William Villalone, for the defense:

He substantially corroborated Martinez’s testimony. He also testified that Martinez was not bleeding from the fight. Early did not strike defendant although he was advancing toward defendant when the shot was fired. Mansfield did not strike or threaten defendant.

John Bargus, for the defense:

In addition to substantially corroborating the testimony of the other defense witness, he testified that the defendant warned both Mansfield and Early before he shot them.

Defendant, on his own behalf, testified:

He was afraid when Early began poking a knife at Martinez. The remainder of his testimony was substantially similar to that of previous defense witnesses.

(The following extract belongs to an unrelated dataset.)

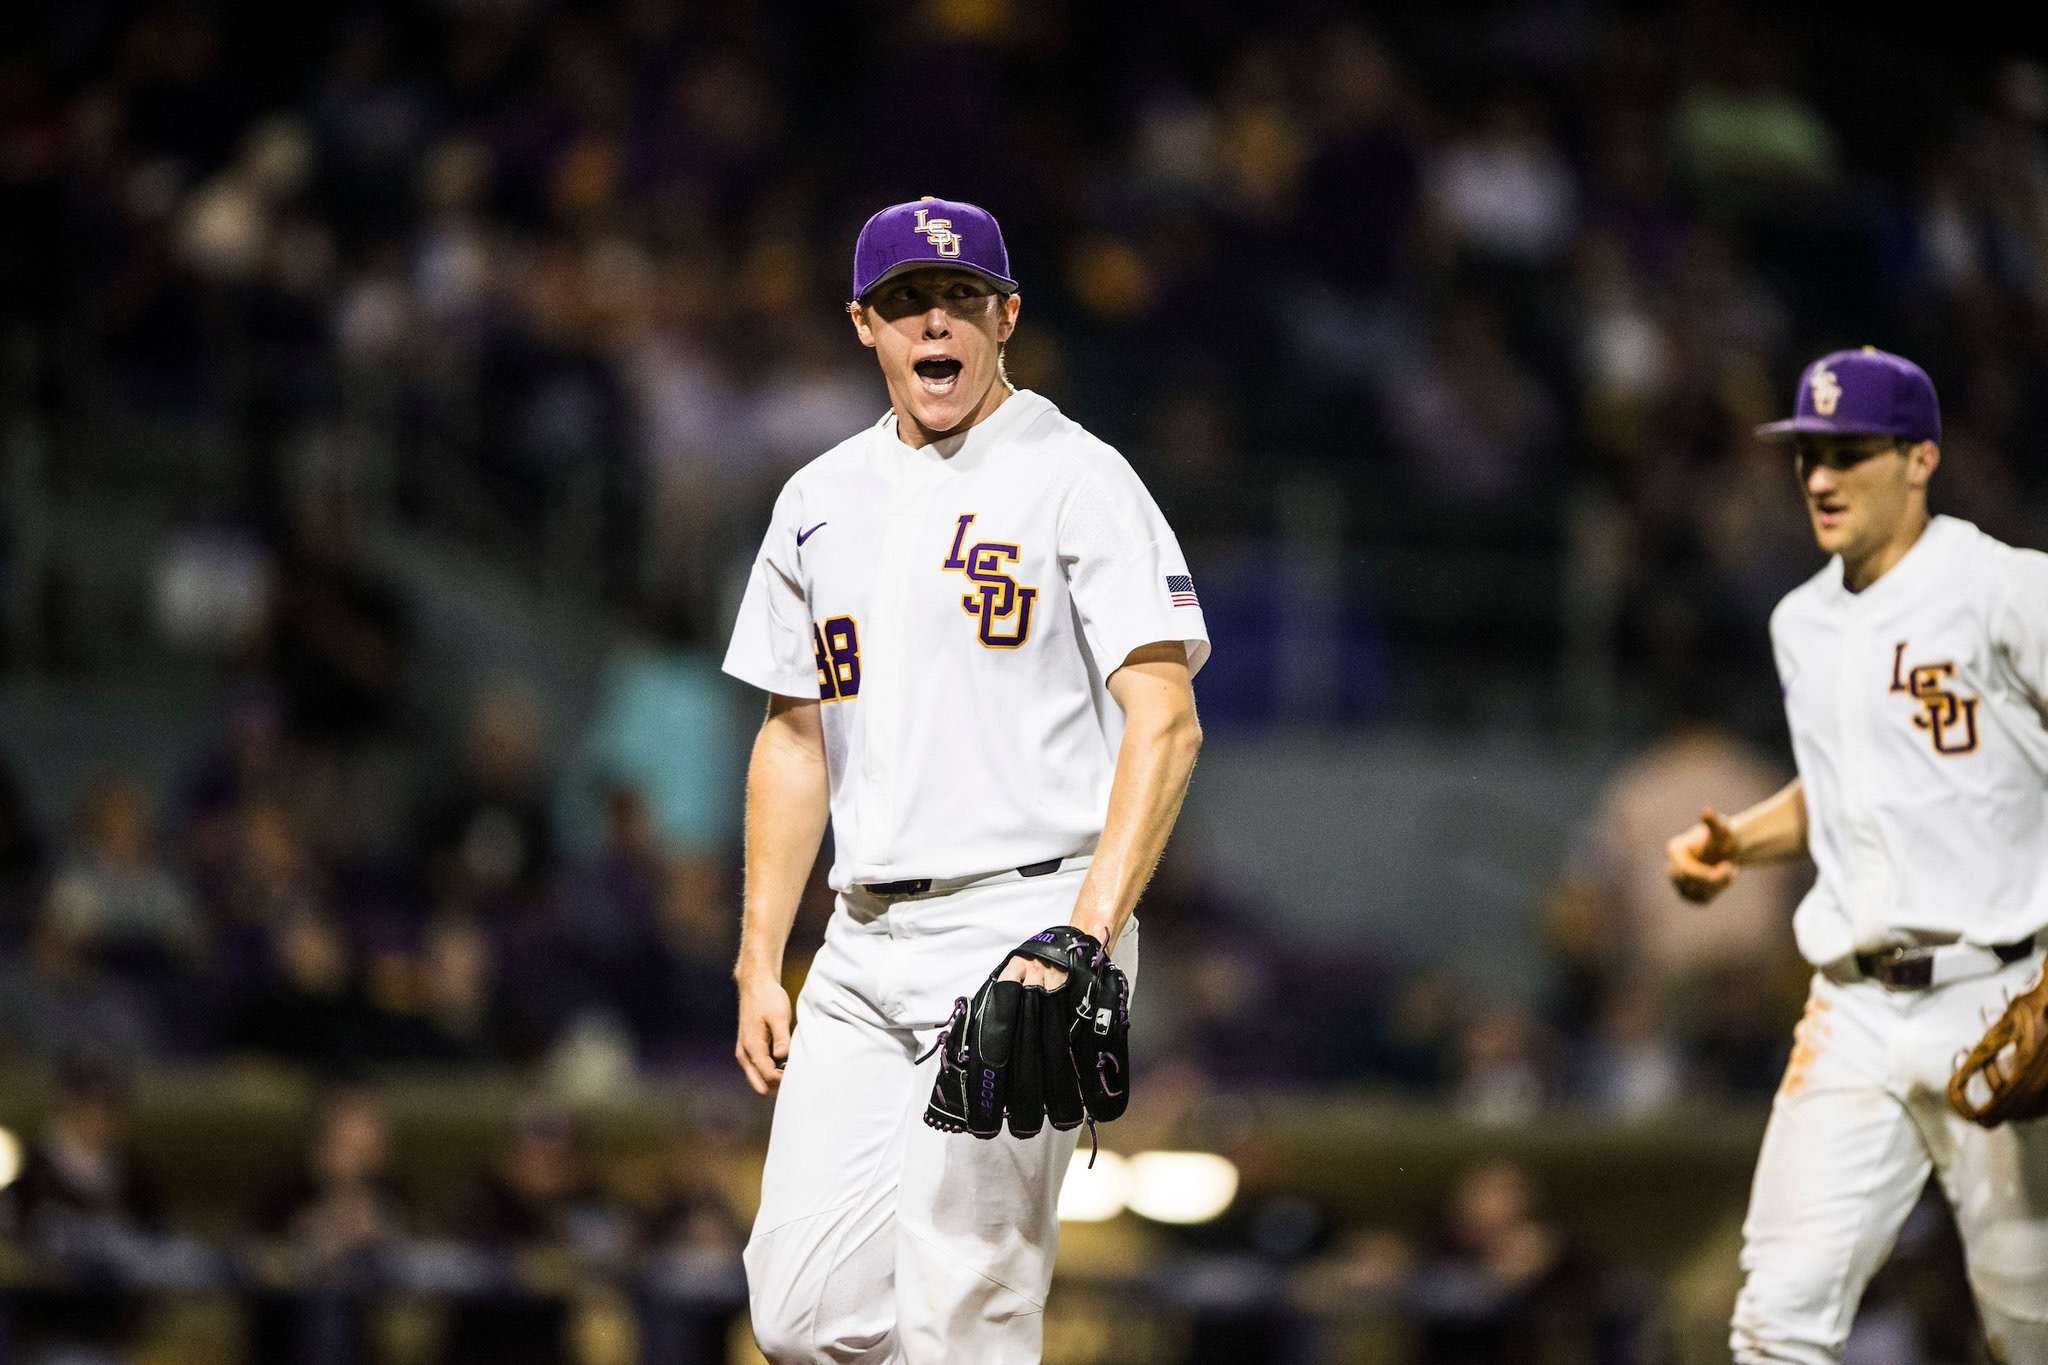 LSU is No. 1 in Collegiate Baseball Preseason Poll

Robert West testified for the defense:

He is a C-.T.A. bus driver. He was playing pool with Cohen at 4 A.M. on the date in question when Early and three other “guys” entered the tavern. Early and another fellow had knives and were swinging them around. After 4:30 A.M. Early walked over to where a stocky fellow was sitting on a stool, put a knife up to his throat and said he was going to kill him. Early then placed the knife in his back pocket and began beating and kicking him until the fellow fell to the ground. Another man tried to get Early to stop, but Early knocked him down. Defendant then warned Early but he continued beating Martinez until defendant shot him. Defendant never moved toward Early nor Early toward defendant. Manfefield was shot a moment later when he grabbed defendant’s arm.

*920OPINION

A person is “justified in the use of force which is intended or likely to cause death or great bodily harm only if he reasonably believes that such force is necessary to prevent imminent death or great bodily harm to himself or another, * * (Ill. Rev. Stat. 1971, ch. 38, 7—1.) It is the province of the jury to weigh conflicting evidence and determine from the facts and circumstances whether a justifiable use of force has been exercised by defendant in his self-defense or defense of others. (See People v. Carter, 3 Ill.App.3d 121, 278 N.E.2d 209.) A reviewing court will not substitute its judgment for that of the jury unless the evidence is so unsatisfactory as to raise a reasonable doubt of defendant’s guilt. (People v. Zuniga, 53 Ill.2d 550, 293 N.E.2d 595.) Here, there was sufficient evidence for the jury to find that defendant’s conduct in using the gup was not justifiable in defense of himself or Martinez. There is conflicting testimony whether the danger to defendant warranted the use of a gun. According to the one “neutral witness,” West, defendant had not been attacked or threatened. There is also conflicting evidence on whether Martinez was in danger of imminent death or great bodily harm. It is undisputed, however, that he was not bleeding from the beating and his condition was not such that he required medical care. We conclude that the evidence is not so unsatisfactory as to leave a reasonable doubt of defendant’s guilt.

The sentence imposed for this Class 3 felony is also proper under the Illinois Unified Code of Corrections (Ill. Rev. Stat., 1972 Supp., ch. 38, par. 1005—8—1(c).) The power to reduce sentences imposed by trial courts must be applied with considerable caution and circumspection because the trial judge ordinarily has a superior opportunity in the course of the trial and the hearing in aggravation and mitigation to make a sound determination concerning the punishment to be imposed than do the appellate tribunals. We believe that to be the case here and hold that the sentence is not excessive. People v. Taylor, 33 Ill.2d 417, 211 N.E.2d 673.

Accordingly, the judgment is affirmed.

Affirmed.

SULLIVAN, P. J., and DRUCKER, J., concur.